The second is that no one has had more reason.
Those reasons include Darrius Stewart, Oscar Grant, Jordan Edwards, John Crawford III, Tamir Rice, Philando Castile, Michael Brown, Terence Crutcher, Sandra Bland, Sean Bell, Rekia Boyd, Botham Jean, Antwon Rose, Amadou Diallo, Anthony Hill, Walter Scott, Eric Garner, Aiyana Stanley-Jones, Freddie Gray, LaQuan McDonald, Stephon Clark, Corey Jones, Atatiana Jefferson and all the other African Americans (almost all of them unarmed) who have inexplicably wound up dead from their encounters with law enforcement.
The horrible thing about that body count … is how far short of the real count it actually is.
So when Attorney General William Barr complains about certain unspecified “communities” protesting against police, let there be no confusion over who he’s referring to. This came in a speech at the Justice Department last week before an audience of cops and prosecutors. Barr compared protests against the Vietnam War a half century ago to those against police misbehavior now.

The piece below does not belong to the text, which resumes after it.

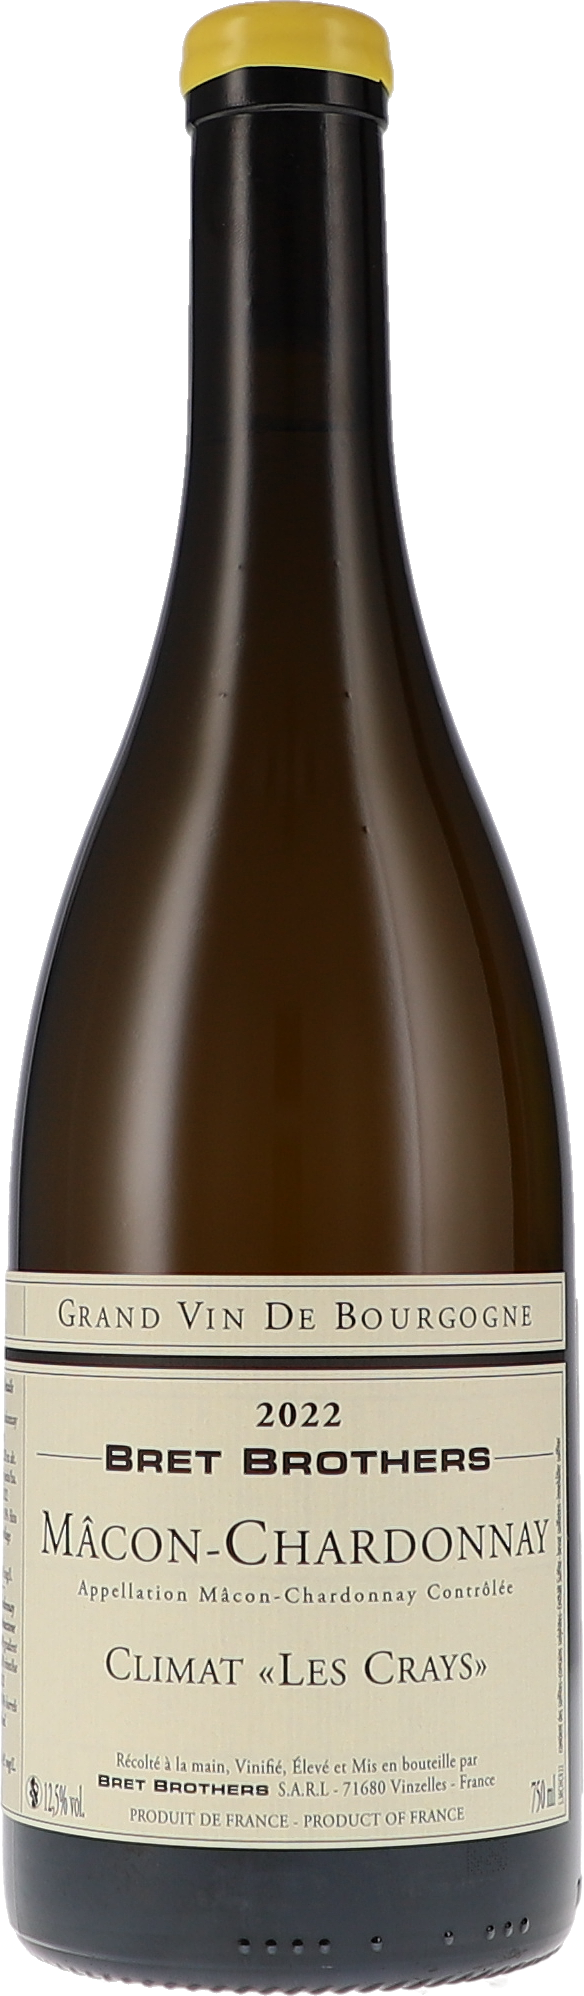 Mâcon-Chardonnay Climat "Les Crays" AOC
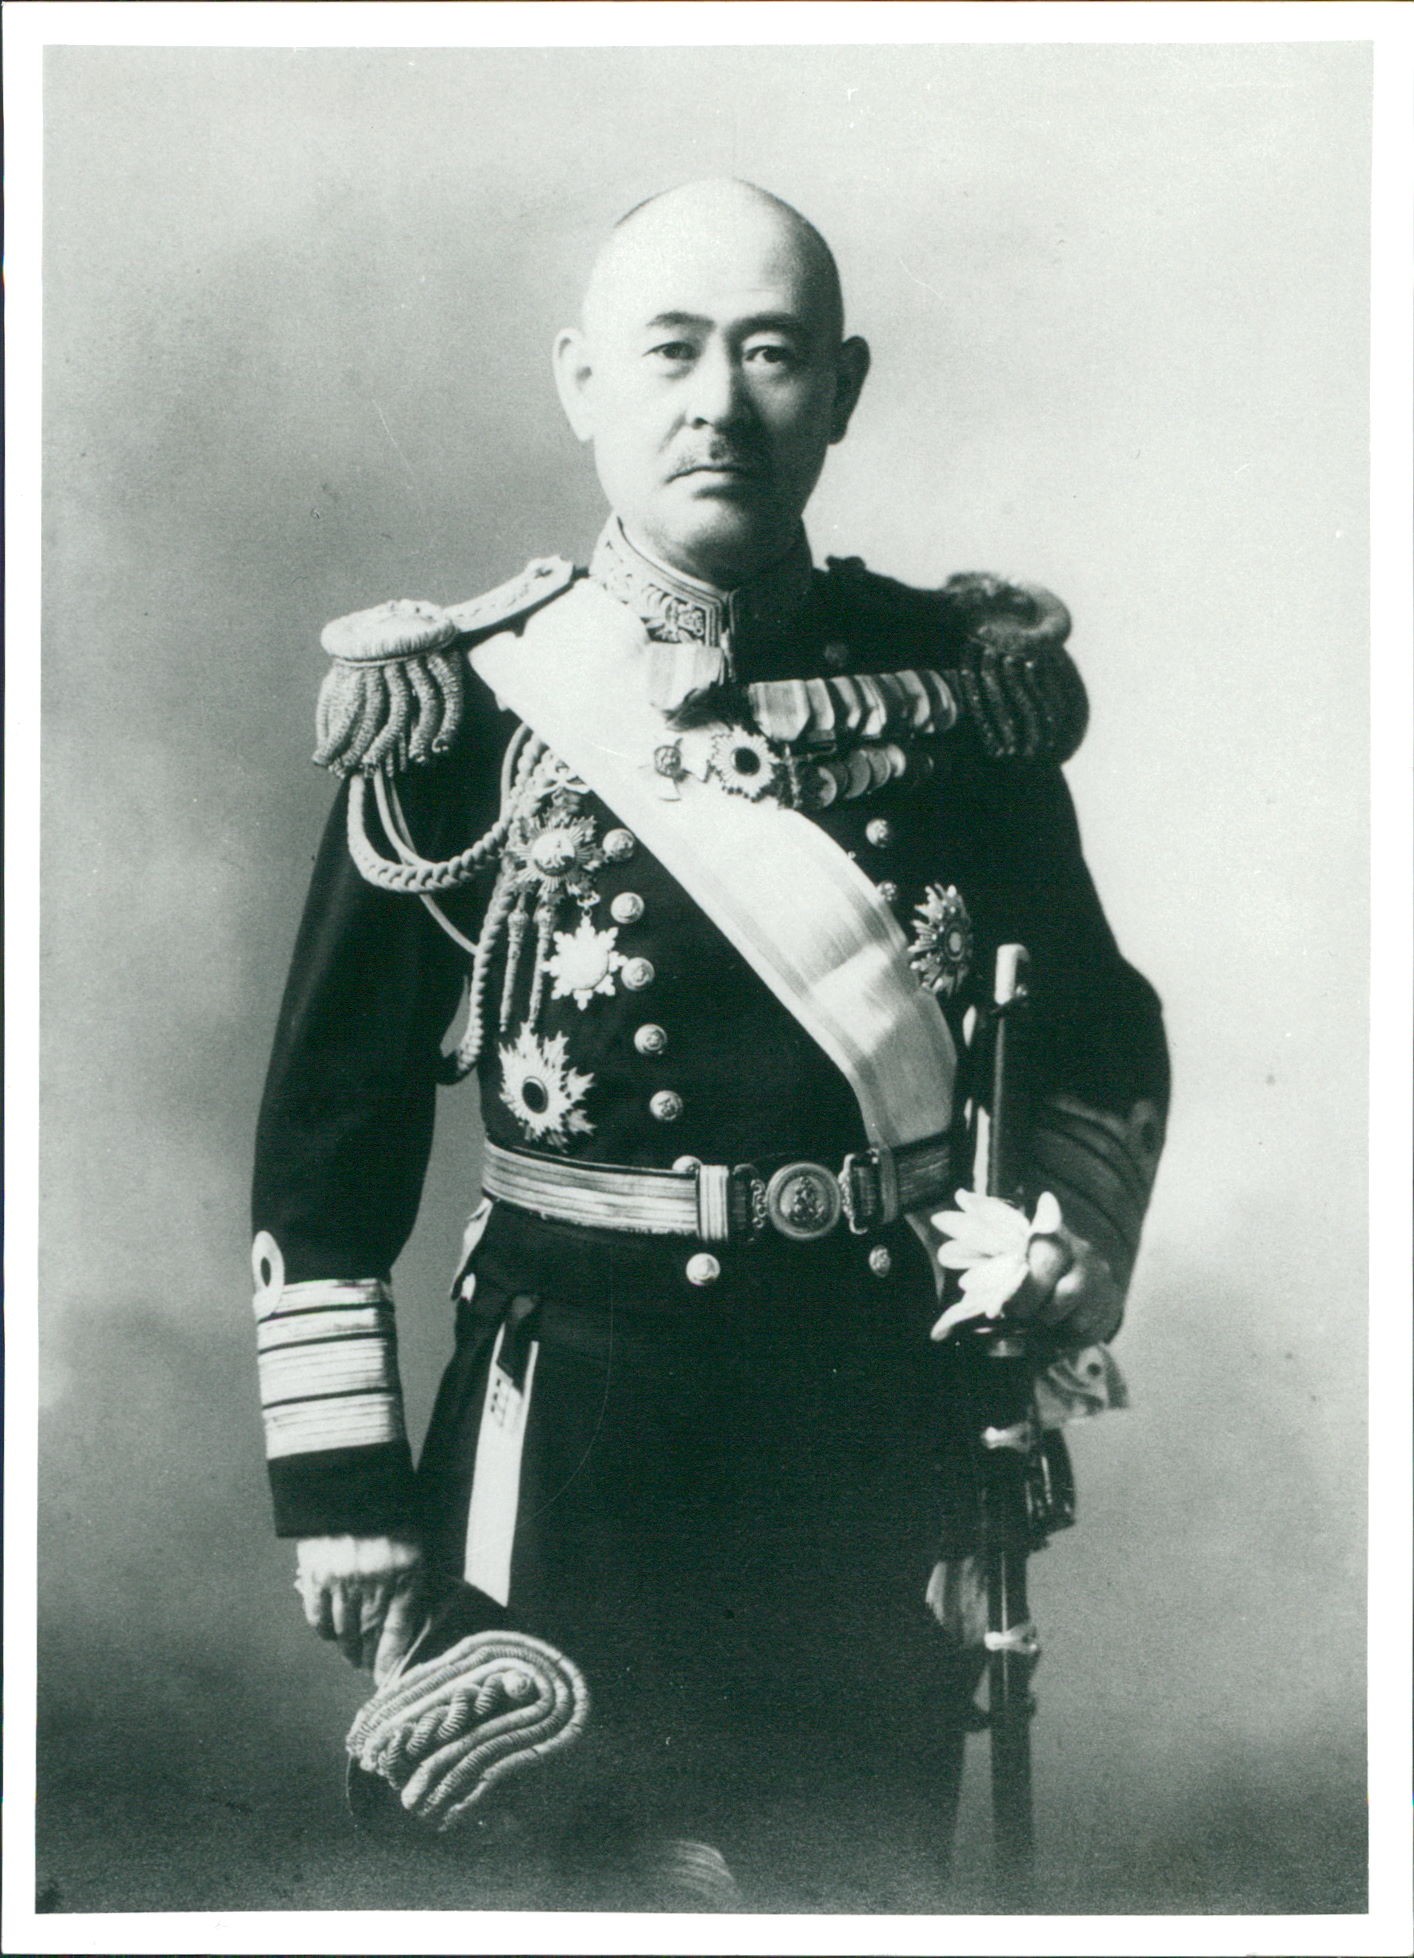 太平洋戦争は最初から昭和天皇 政府 大本営とイルミナティ 欧米大財閥 欧米貴族 によるやらせだった 日本人の人口削減とイルミナティの利権獲得が目的

Americans, he said, “have to start showing, more than they do, the respect and support that law enforcement deserves.” He warned that “if communities don’t give that support and respect, they might find themselves without the police protection they need.”
Threaten much? Well … yes, and subtlety need not apply.
Dana Milbank thinks Trump wrote his own ticket to impeachment.
Washington Post
President Trump all but assured his own impeachment Friday night, but not without kicking out two more legs of the defense of him Republicans had been making in the House. For much of the past week, Republicans in Congress have been demanding that the House majority slow down the impeachment process.
“The issue that we have to deal with going forward is, why the rush?” Rep. Doug Collins (Ga.), the ranking Republican on the House Judiciary Committee, said this week.
“You set an incredibly short period,” Republican witness Jonathan Turley scolded at a hearing this week.
“It’s the fastest impeachment in history,” echoed House Minority Leader Kevin McCarthy (Calif.).
And for the past couple of months, Republicans in Congress have been demanding that Trump have the opportunity to defend himself in the proceedings.
And then …
But White House counsel Pat Cipollone, in his letter to House Judiciary Committee Chairman Jerry Nadler ((D-N.Y.) on Friday, undermined both complaints: The letter served as a formal answer from Trump refusing the Democrats’ invitation for him to defend himself in the House proceedings, and it instructed Democrats to hurry up.
“House Democrats have wasted enough of America’s time with this charade. You should end this inquiry now and not waste even more time with additional hearings,” it said, adding: "As the president has recently stated: ‘If you are going to impeach me, do it now, fast, so we can have a fair trial in the Senate, and so that our Country can get back to business.’"
Asked and answered, Donald. Asked and answered.